PDE1 is a dual substrate (cAMP and cGMP) diesterase and a promising target for the treatment of heart disease, cancer, neurological disorder and other endocrine abnormalities. Several factors such as their unique tissue distribution and species dependent expression of isoforms, activation by cofactors and spatial localization need to be evaluated to establish the possible role of PDE1 inhibition as a treatment option in various diseases.
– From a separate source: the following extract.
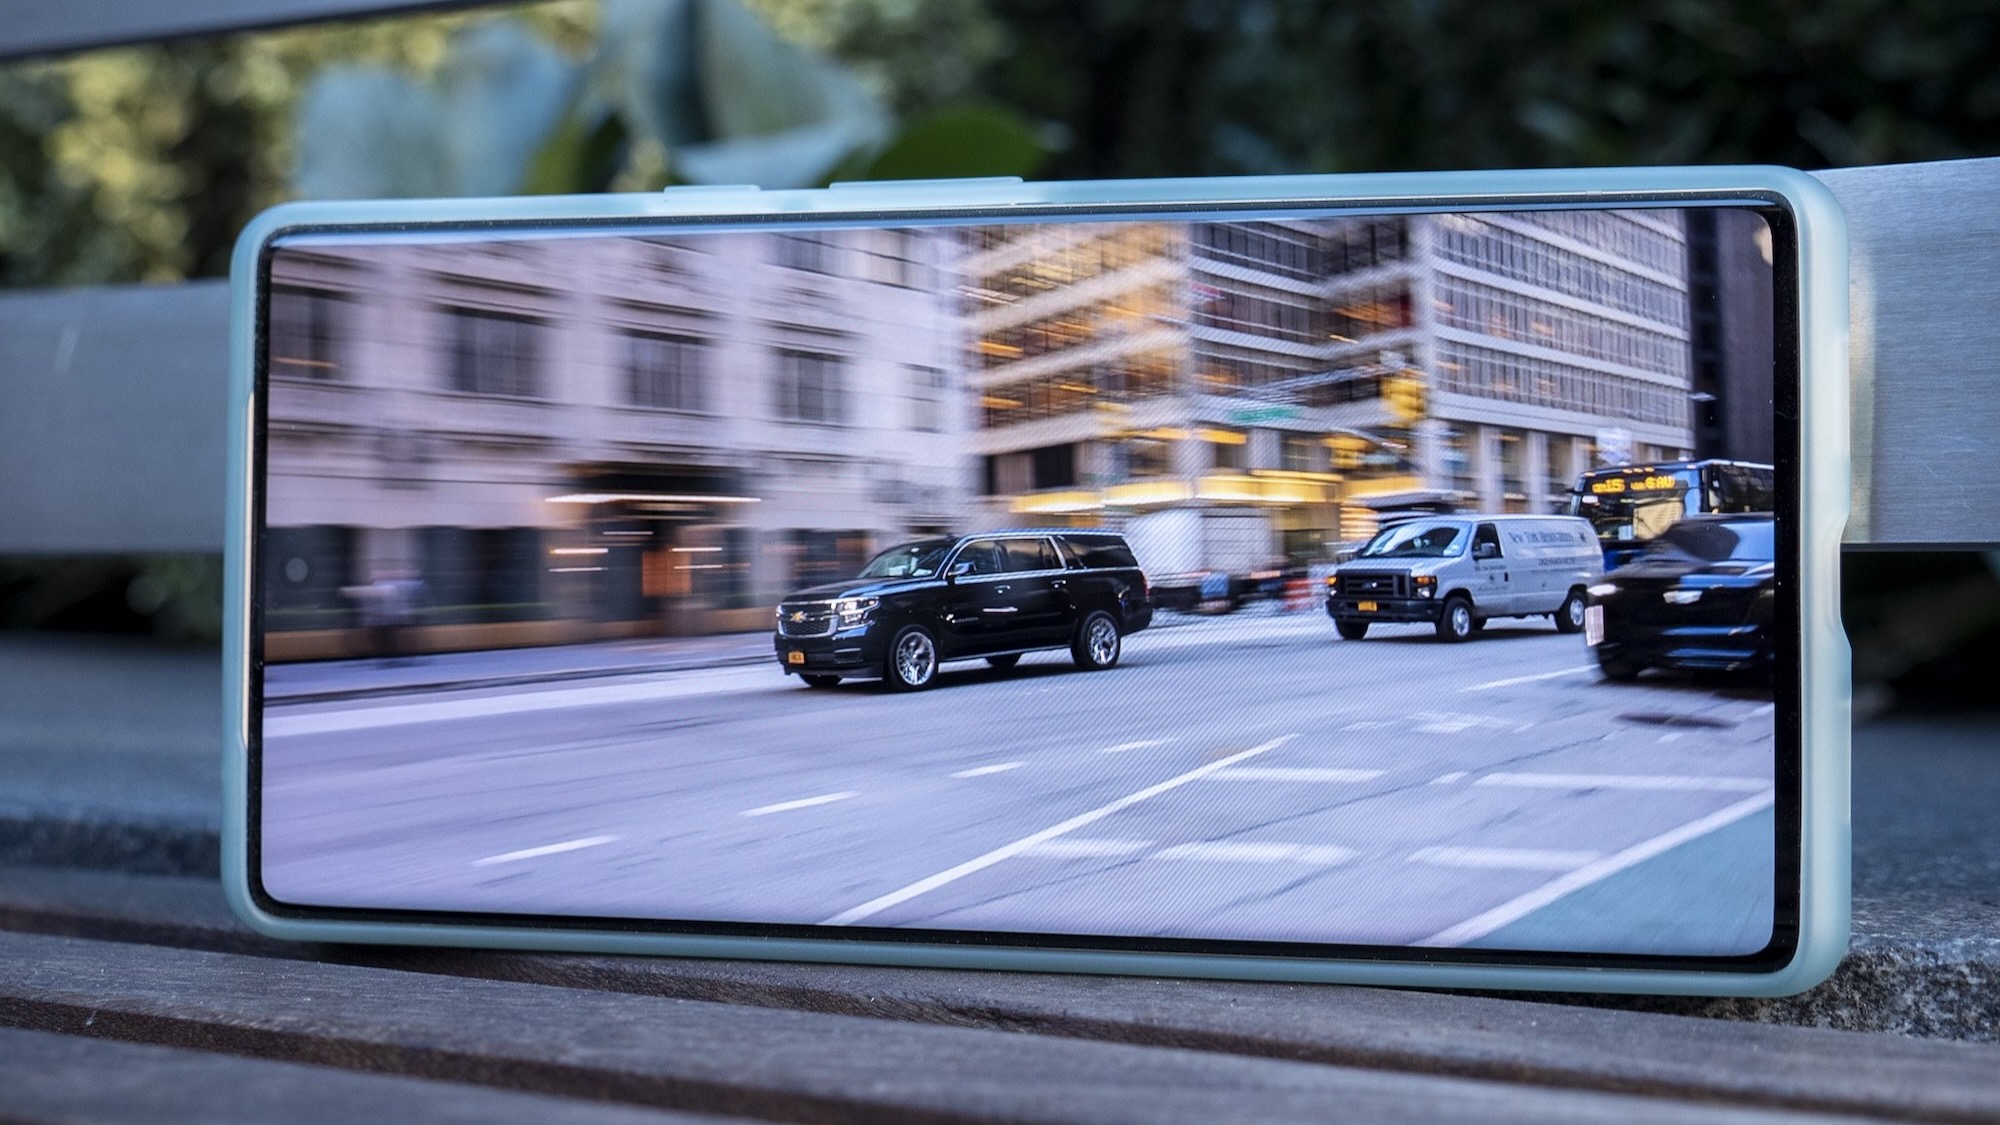 Pixel 6 Pro showing clear photo of moving cars

2. Structure, Gene Variants, and Properties of Phosphodiesterase 1
The basic structure of PDE consists of a variable amino terminal regulatory domain, a conserved catalytic domain of approximately 300 amino acids (20–25% identity with other isoforms) and a variable carboxyl terminal region (Fig. 1A). The catalytic domain contains the substrate binding pocket for cAMP and cGMP molecule and also encompasses the classic HD domain [(H(X)3H(X)25–35(D/E) and amino acid residues, histidine (H), aspartate (D) and glutamic acid (E)], which is a unique characteristic domain for metal-dependent phosphohydrolases enzymes (Aravind and Koonin, 1998). The presence of a unique allosteric binding domain confers each PDE their regulatory properties and their exclusive cellular function (Corbin et al., 2009; Pandit et al., 2009). The amino-terminal regulatory region of PDE encompasses several protein domains that are responsible for enzymatic activity, subcellular localization and their pharmacological properties (Kenan et al., 2000). The N-terminal end also contains essential sites for phosphorylation by cAMP-dependent protein kinase (PKA), protein kinase C (PKC) and cGMP-dependent protein kinase (PKG) as well as amino acid residues for ubiquitination (Wan et al., 2019). Apart from the conserved catalytic domain and HD domain, several PDEs have their distinct landmarks that defines their cAMP and cGMP hydrolyzing efficiency. For example, PDE5 contains two GAF domains (GAF-A and GAF-B) that increases their affinity towards cGMP molecule and acts as allosteric binding sites for cGMP (Heikaus et al., 2008). PDE1 is characterized by the presence of a Ca2+/calmodulin (CaM) binding site and is activated by the increase in cellular concentration of Ca2+/CaM (Fukunaga et al., 1984). The typical domain structure and the regulatory regions of the PDE1 subtype are presented in Fig.1B.
Figure 1.
(A). General domain organization of phosphodiesterase (PDE). PDE consists of variable amino terminal and carboxy end sequences responsible for gene splicing, isoform variation and a conserved catalytic domain with binding site specific for substrates and a metal binding motif. The regulatory amino terminal region containing amino acid residues correspond to phosphorylation, calcium calmodulin activation, allosteric GAF binding domain for catalytic activity. (B) Basic domain arrangement of PDE1 subtype. PDE1 family of isoforms contain unique calcium calmodulin binding domain (Ca2+/CaM) that leads to the activation of enzyme and other amino acid residues for phosphorylation and inhibition properties. (C) The family tree of PDE1 gene. There are multiple isoforms of enzyme due to alternative splicing and multiple promoter activity.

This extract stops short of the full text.